**Exercise prompt**
For the entries that follow, restate word for word the line containing "Mưa trút xuống", the line containing "Modem zewnętrzny ODU-200 Plus", and every line that lies between them.

**Record set**
^^^^

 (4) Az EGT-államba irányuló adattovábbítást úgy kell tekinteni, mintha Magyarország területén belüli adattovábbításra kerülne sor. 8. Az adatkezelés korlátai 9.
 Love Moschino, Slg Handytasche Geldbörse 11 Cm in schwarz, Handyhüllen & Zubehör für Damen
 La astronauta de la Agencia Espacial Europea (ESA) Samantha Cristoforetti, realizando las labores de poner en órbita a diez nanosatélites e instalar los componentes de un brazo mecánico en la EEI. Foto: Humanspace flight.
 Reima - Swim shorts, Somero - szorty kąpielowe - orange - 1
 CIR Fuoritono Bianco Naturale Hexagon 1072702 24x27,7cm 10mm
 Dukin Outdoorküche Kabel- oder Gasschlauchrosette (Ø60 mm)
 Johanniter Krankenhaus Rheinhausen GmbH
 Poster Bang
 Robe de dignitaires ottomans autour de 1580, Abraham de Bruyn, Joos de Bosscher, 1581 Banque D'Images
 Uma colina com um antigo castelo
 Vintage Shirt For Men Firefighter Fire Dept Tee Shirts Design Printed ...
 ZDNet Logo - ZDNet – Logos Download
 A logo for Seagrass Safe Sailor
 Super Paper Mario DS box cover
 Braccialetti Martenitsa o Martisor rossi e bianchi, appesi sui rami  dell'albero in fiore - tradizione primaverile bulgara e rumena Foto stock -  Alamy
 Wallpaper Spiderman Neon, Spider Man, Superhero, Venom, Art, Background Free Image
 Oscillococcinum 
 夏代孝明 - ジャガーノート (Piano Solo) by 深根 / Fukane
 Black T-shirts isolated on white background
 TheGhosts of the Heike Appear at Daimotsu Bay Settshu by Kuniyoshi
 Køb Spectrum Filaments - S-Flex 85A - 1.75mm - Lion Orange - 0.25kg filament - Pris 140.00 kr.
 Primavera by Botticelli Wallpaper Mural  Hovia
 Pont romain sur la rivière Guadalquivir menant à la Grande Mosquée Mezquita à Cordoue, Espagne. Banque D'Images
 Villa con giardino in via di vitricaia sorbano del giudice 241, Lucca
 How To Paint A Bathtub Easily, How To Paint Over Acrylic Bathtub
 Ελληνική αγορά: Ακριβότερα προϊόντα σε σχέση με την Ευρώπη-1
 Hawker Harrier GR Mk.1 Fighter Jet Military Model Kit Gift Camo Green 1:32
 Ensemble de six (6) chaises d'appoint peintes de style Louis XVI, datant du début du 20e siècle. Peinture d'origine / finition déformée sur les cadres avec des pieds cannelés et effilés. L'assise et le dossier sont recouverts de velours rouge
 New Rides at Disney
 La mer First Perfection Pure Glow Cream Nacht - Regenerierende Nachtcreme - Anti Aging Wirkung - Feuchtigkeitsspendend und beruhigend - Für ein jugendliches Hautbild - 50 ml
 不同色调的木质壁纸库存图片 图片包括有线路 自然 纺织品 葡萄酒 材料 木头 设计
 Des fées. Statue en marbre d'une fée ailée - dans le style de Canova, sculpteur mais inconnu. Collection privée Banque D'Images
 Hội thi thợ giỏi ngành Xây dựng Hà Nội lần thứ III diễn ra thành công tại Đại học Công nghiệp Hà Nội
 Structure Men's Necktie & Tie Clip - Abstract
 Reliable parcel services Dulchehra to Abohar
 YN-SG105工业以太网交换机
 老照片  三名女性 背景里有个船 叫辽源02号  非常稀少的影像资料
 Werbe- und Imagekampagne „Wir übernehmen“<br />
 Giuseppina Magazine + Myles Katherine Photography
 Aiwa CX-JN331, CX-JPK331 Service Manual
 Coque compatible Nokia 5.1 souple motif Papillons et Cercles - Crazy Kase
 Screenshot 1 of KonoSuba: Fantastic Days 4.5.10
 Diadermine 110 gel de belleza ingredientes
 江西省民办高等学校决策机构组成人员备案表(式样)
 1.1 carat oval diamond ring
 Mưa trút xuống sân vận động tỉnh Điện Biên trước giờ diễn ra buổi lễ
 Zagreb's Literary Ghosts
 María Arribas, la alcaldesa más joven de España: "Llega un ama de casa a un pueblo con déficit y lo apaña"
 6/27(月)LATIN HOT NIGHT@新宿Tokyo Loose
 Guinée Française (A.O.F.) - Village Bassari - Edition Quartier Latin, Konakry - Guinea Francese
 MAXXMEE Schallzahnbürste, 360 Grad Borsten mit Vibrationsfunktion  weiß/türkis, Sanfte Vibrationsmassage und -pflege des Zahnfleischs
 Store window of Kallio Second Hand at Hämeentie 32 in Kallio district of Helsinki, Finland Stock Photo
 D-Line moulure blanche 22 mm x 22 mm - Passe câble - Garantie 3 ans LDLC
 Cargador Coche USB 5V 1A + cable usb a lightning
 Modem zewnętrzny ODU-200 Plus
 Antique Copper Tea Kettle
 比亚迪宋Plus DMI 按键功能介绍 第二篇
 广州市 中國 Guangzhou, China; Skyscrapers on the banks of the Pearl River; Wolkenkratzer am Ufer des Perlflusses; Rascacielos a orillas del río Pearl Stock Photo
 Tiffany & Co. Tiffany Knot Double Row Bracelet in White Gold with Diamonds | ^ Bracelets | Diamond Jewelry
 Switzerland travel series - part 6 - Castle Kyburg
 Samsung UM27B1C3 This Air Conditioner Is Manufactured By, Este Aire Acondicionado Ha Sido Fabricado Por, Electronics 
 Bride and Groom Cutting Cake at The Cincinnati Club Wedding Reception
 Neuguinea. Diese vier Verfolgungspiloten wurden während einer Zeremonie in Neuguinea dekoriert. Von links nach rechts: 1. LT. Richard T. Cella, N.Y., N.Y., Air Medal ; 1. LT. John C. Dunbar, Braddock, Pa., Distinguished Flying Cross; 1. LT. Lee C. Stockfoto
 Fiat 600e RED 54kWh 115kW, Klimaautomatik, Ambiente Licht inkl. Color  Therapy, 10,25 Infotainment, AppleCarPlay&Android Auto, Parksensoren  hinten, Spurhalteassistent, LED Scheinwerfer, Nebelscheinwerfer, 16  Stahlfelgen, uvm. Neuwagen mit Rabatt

^^^^

**Your solution**
 Mưa trút xuống sân vận động tỉnh Điện Biên trước giờ diễn ra buổi lễ
 Zagreb's Literary Ghosts
 María Arribas, la alcaldesa más joven de España: "Llega un ama de casa a un pueblo con déficit y lo apaña"
 6/27(月)LATIN HOT NIGHT@新宿Tokyo Loose
 Guinée Française (A.O.F.) - Village Bassari - Edition Quartier Latin, Konakry - Guinea Francese
 MAXXMEE Schallzahnbürste, 360 Grad Borsten mit Vibrationsfunktion  weiß/türkis, Sanfte Vibrationsmassage und -pflege des Zahnfleischs
 Store window of Kallio Second Hand at Hämeentie 32 in Kallio district of Helsinki, Finland Stock Photo
 D-Line moulure blanche 22 mm x 22 mm - Passe câble - Garantie 3 ans LDLC
 Cargador Coche USB 5V 1A + cable usb a lightning
 Modem zewnętrzny ODU-200 Plus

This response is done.